Questionable Research Practices

Week 11

Jenny Terry & Martina Sladekova

Part 1: How science got broken

Long ago, Psychology scientists lived together in harmony

1879 - world’s psychology lab established by Wilhelm Wundt

Defining point for Psychology as a separate discipline
Prior to that - part of philosophy
Use of experimental methods for the first time - smooth(ish) sciencing followed

Black and white photograph of bearded Wilhelm Wundt sitting in a chair, surrounded by 5 more white men of science, looking at very scientific instruments that have nothing to do with psychology.

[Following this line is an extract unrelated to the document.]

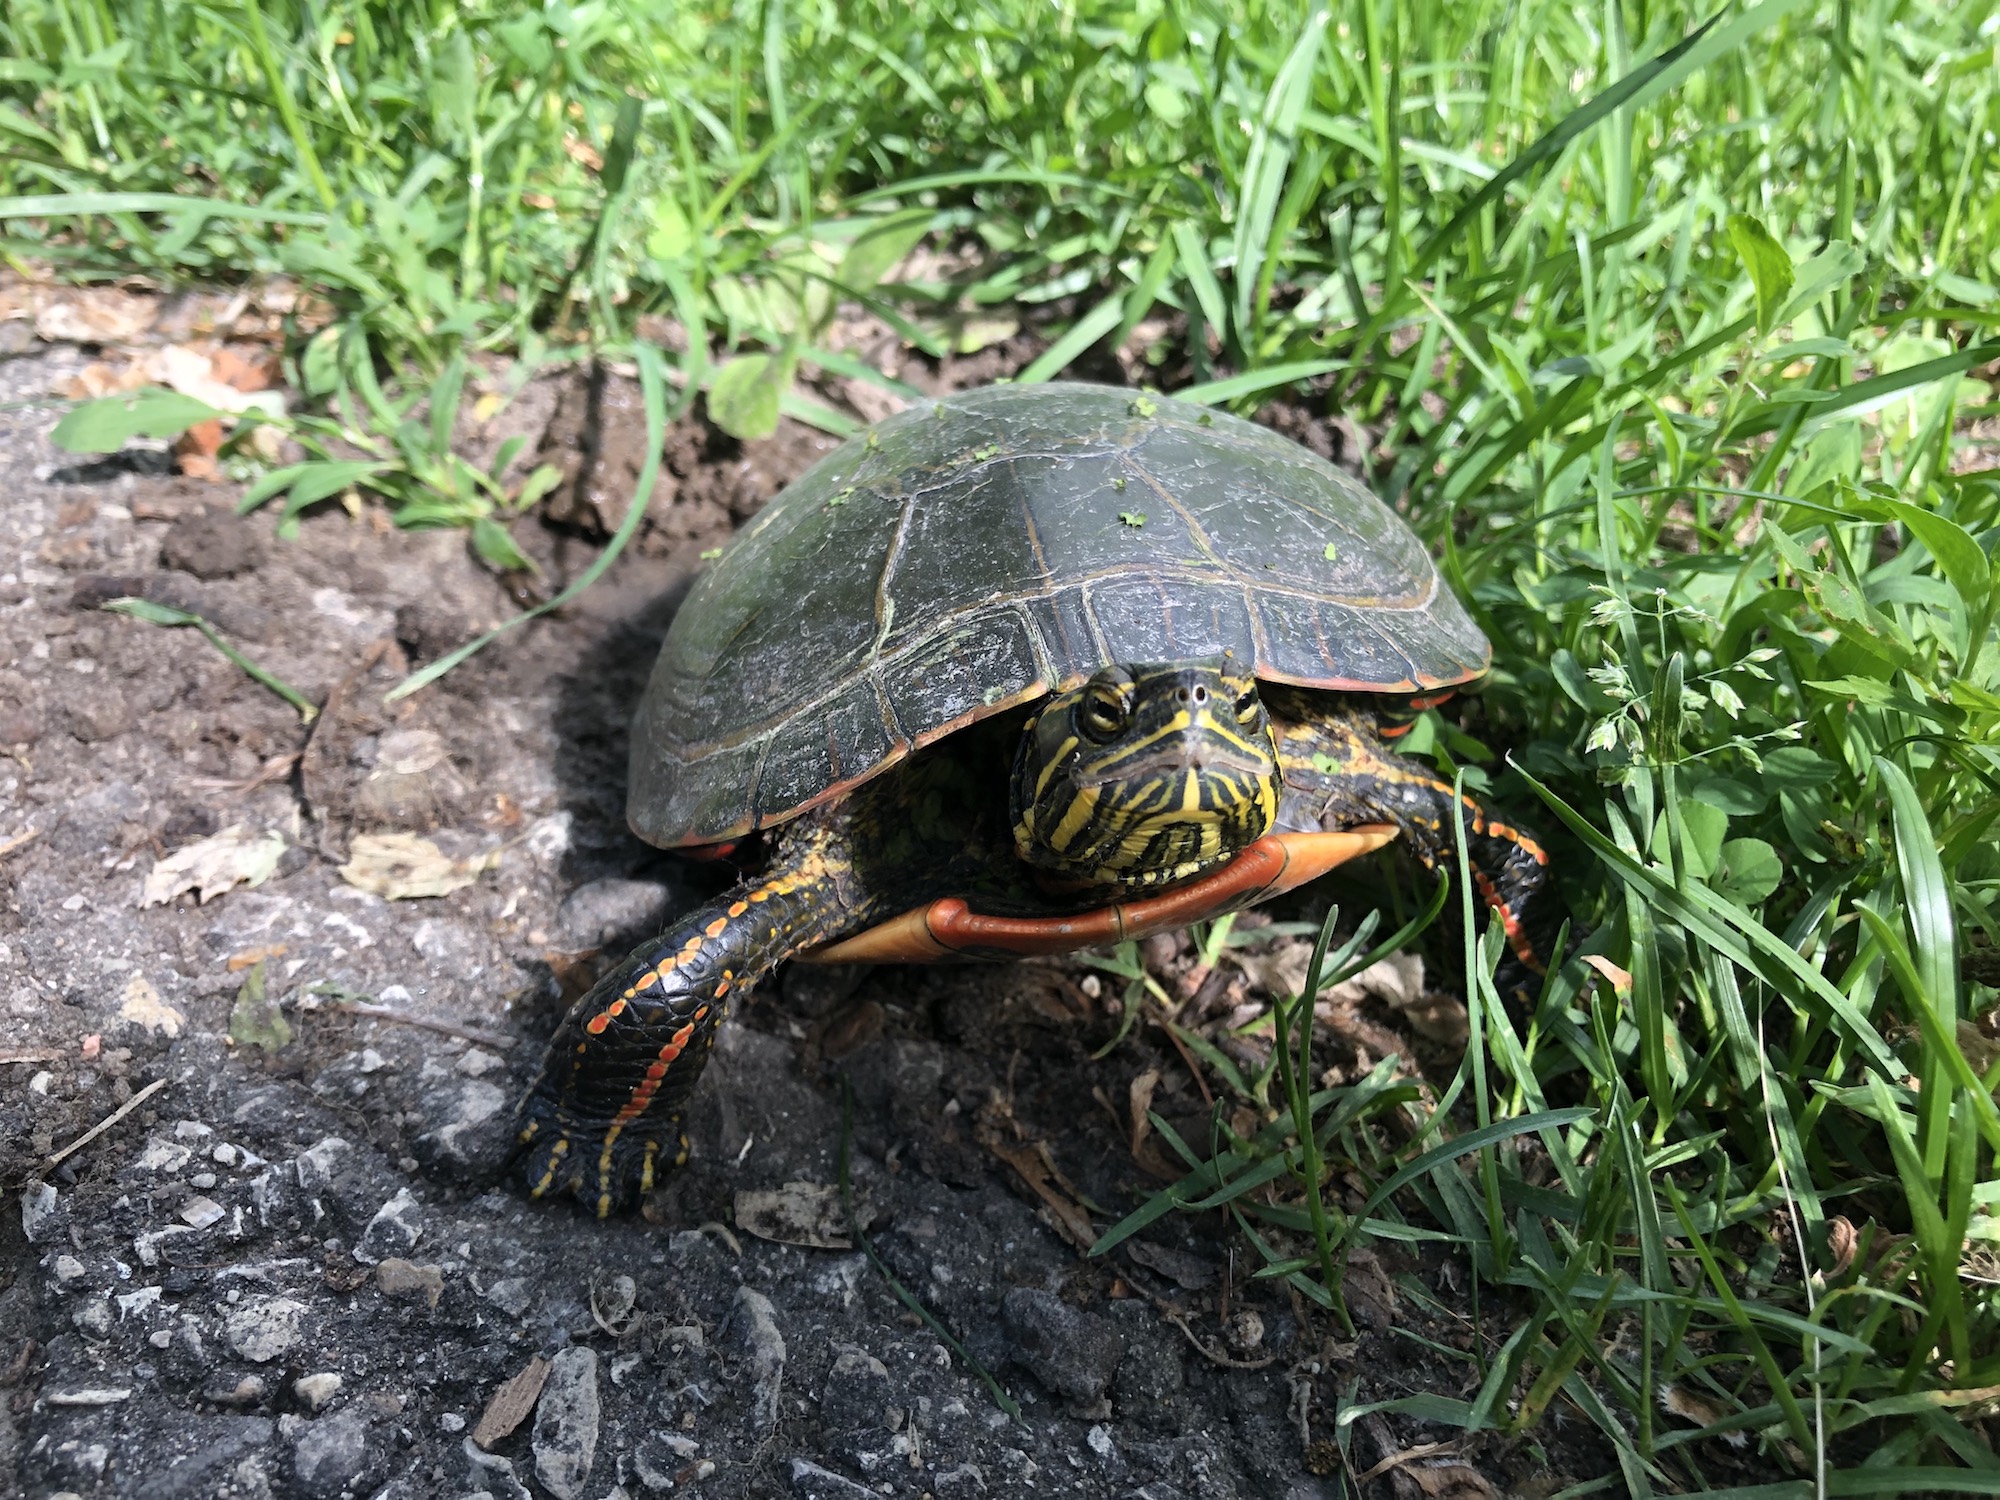 Painted Turtle laying eggs in Oak Savanna along bike path in Madison, Wisconsin on June 8, 2019.

…Everything changed when the Fire Nation Open Science Collaboration attacked

Open Science Collaboration (2015): Estimating the reproducibility of psychological science

Attempted to replicate findings published in high profile journals
Replicated effect sizes were half the size of the ones than originally reported
97% of original p-values were statistically significant (p < 0.05)
Only 36% of replicated p-values were statistically significant

Vocabulary

Replication: The process of repeating (re-running) the same study using identical methodology.

…Everything changed when the Fire Nation Open Science Collaboration attacked

Some famous findings that we can’t replicate:

Smiling will make you feel happier
Power posing will make you act bolder
Self-control is a limited resource
Revising after your exams can improve your earlier performance (Daryl Bem’s “pre-cognition” experiments)
Babies are born with the power to imitate

Decorative gif of captain Raymond Holt from Brookly 99 series saying "Time for the next stage: Forced laughter" and grinning maniacally"

Poll time!

Two teams of researchers set out to study the effect of mindfulness meditation on well-being. Both teams apply the same intervention using identical protocol and each team collects 200 participants. The teams analyse their own data using the t-test, comparing the well-being of the intervention group against the control group.

Team 1

Team 1 finds a statistically significant difference in well-being between the two groups (p = .034)

Team 2

Team 2 finds a non-significant difference in well-being between the two groups (p = .27)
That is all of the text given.